ZoomVideo ($ZM) has fired president Greg Tomb “without cause” less than a year into his role with the video conferencing company.
Tomb, a former %Google ($GOOGL) executive, was reportedly blindsided when his contract with Zoom was abruptly terminated “without cause,” according to multiple media reports.
Tomb had joined Zoom in June 2022 and been active on earnings calls and media interviews.

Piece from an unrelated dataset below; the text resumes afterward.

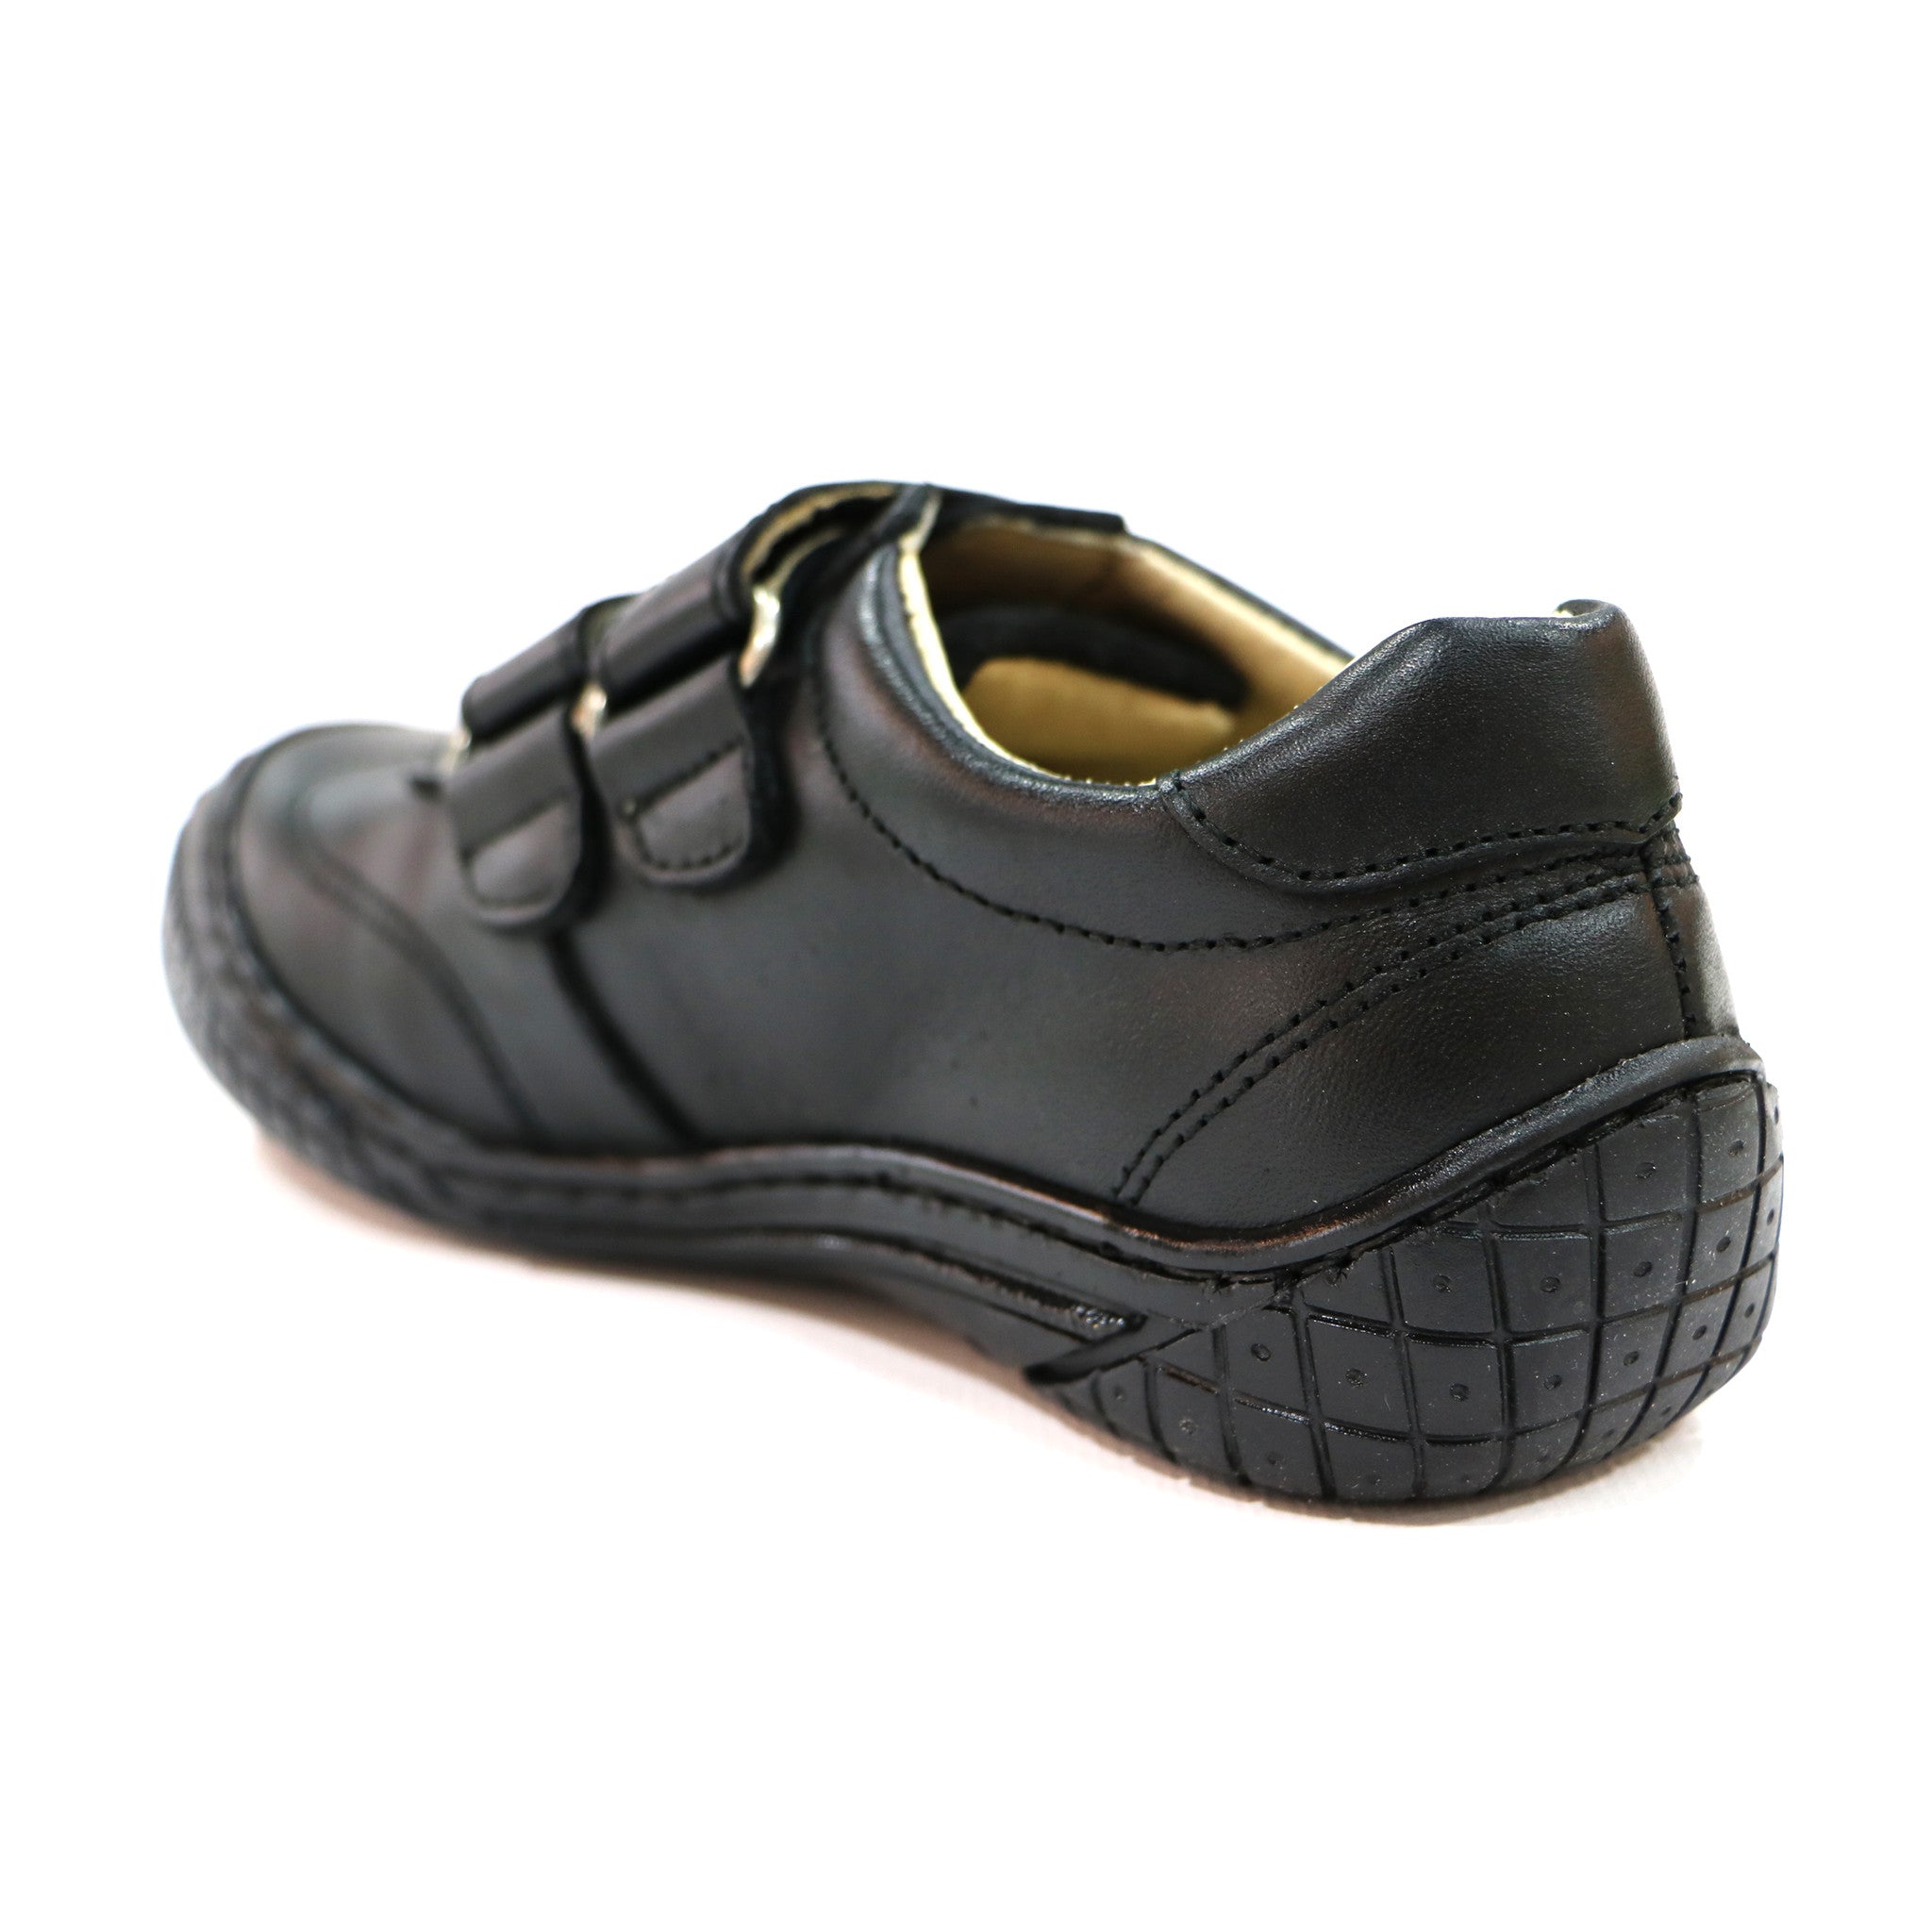 Black leather Boys School Shoes (SS

He oversaw the company’s global sales.
San Jose, California-based Zoom said in a written statement that it has no plans to replace Tomb or staff the president’s role going forward.
Tomb reported directly to chief executive officer (CEO) and Zoom founder Eric Yuan, who started the company in 2011.
Zoom became a household name and its stock soared during the COVID-19 pandemic as people around the world sheltered-in-place at home and went to work and school via video conferencing.
In April 2020, the company reported that 300 million daily participants were on Zoom conference calls.
However, Zoom has struggled to maintain its pandemic gains and seen its stock plunge over the past year. The company also recently announced widespread staff layoffs.
This past February, the company cut 15% of its workforce, or about 1,300 people globally, as it manages waning demand.
Zoom also faces rising competition from services such as Google Meet, %Microsoft ($MSFT) Teams and Slack.
Zoom’s stock has declined 38% in the past 12 months to trade at $70.63 U.S. per share.